From Reuters (3/14/2011, emphasis added; whole article at the link):

(Reuters) - Quake-hit Japan faces a recovery and reconstruction bill of at least $180 billion, or 3 percent of its annual economic output and more than 50 percent higher than the total cost of 1995's earthquake in Kobe.

Even though some extreme projections of the longer-term cost look at figures closer to $1 trillion over several years, more standard tallies akin to those used after the Kobe quake hover around this level.

....The Kobe earthquake is estimated to have cost $115-118 billion, or 2 percent of GDP in 1995 terms. This time -- in a still unfolding disaster -- initial estimates from Credit Suisse and Barclays put the cost at $180 billion.

Mitsubishi UFJ Securities and Sarasin expect the cost could run as high as 5 percent of GDP.

....Insured losses from Japan's earthquake could be as high as $35 billion, even without tsunami and nuclear related losses.

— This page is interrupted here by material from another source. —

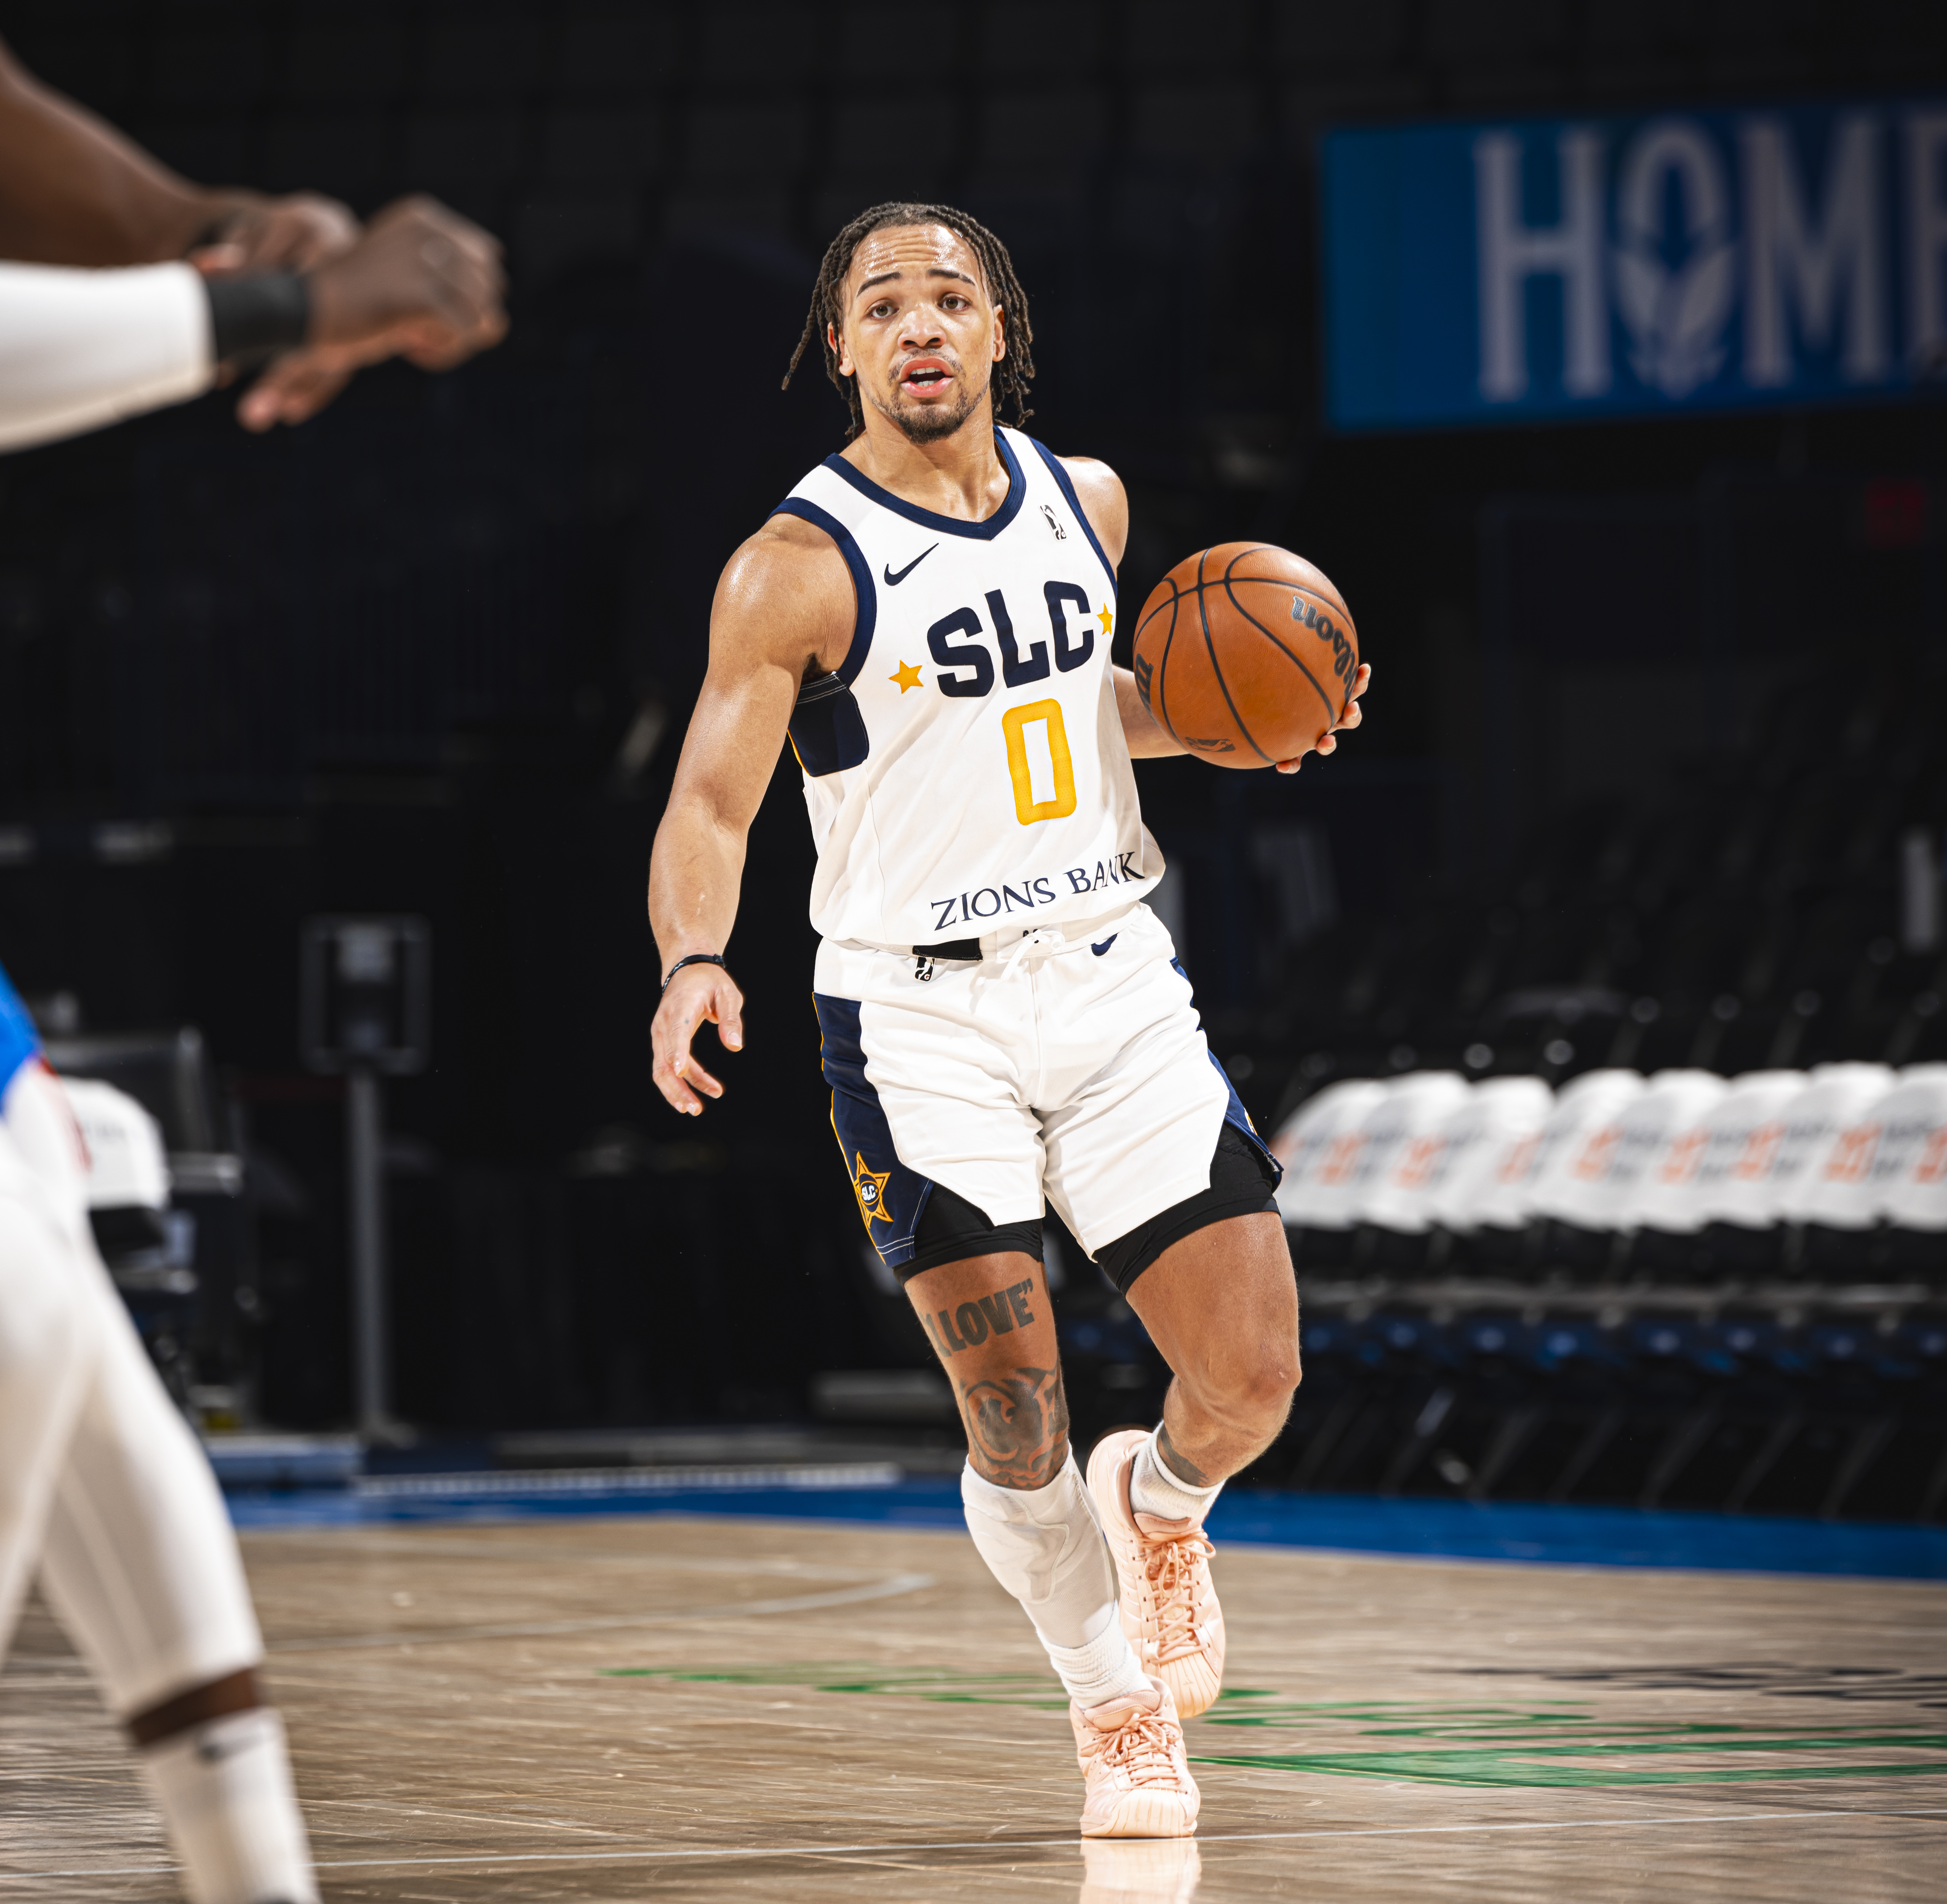 NBA Rumors: Pistons Sign Former Celtic Carsen Edwards to Contract from G League
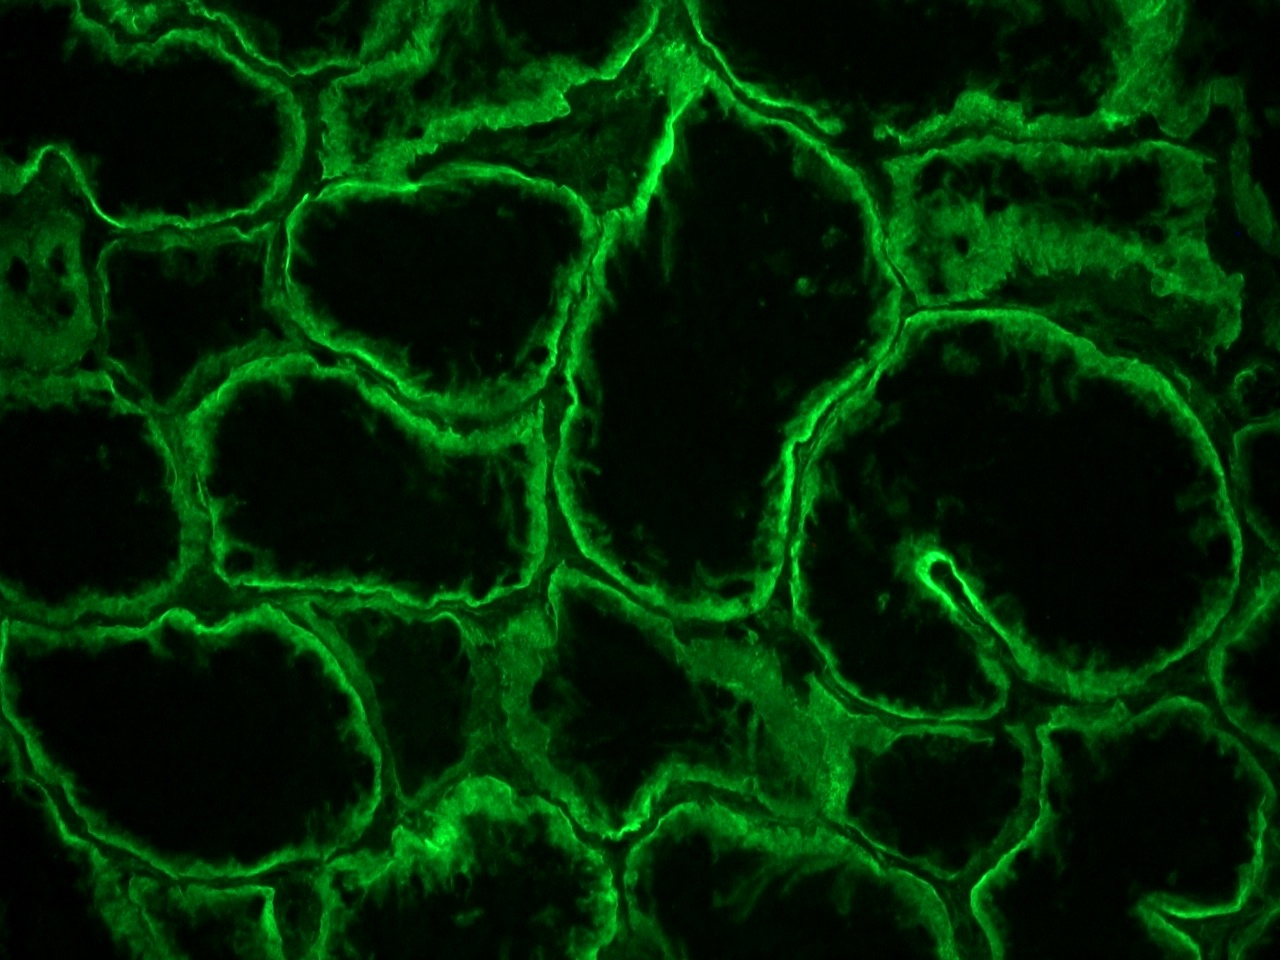 Figure 2: Integrin alpha 6A immunostaining of the basolateral membrane of epithelial cells in a frozen section of human kidney using MUB0908P.

....Some estimates of the reconstruction shoot far higher than these consensus forecasts as economists take into account the potential need to replace the country's devastated capital stock over a longer timeframe.

Vanessa Rossi, senior research fellow at London-based think tank Chatham House, estimates that 10 percent of Japan's capital stock was lost in the earthquake, which equates to around 20 percent of the country's GDP, or $1 trillion.

"The bigger cost is rebuilding of capital stock. This type of problem really causes damage to capital stock. There's enormous damage to infrastructure -- installations, power plants, housing, factories, ports, coastline," Rossi said.

"You couldn't possibly rebuild so extensively in the period of 1-2 years. I expect it would be 4-5 years of work."

She said Japan's rich private sector was likely to supplement the debt-ridden government by selling its overseas assets and possibly using foreign exchange reserves, which could weigh on international markets.


That's what I was also thinking: use of foreign exchange reserves. Japan owns $882 billion US Treasuries. A good start. Dump those euro bonds, too. The size of Japan's foreign reserves at the end of February 2011 is $1.091 trillion.

Maybe it's time for Japan to stop being a good "responsible global citizen" who accommodates requests and demands from the debtor nations of the world, and think of itself and its citizens FIRST.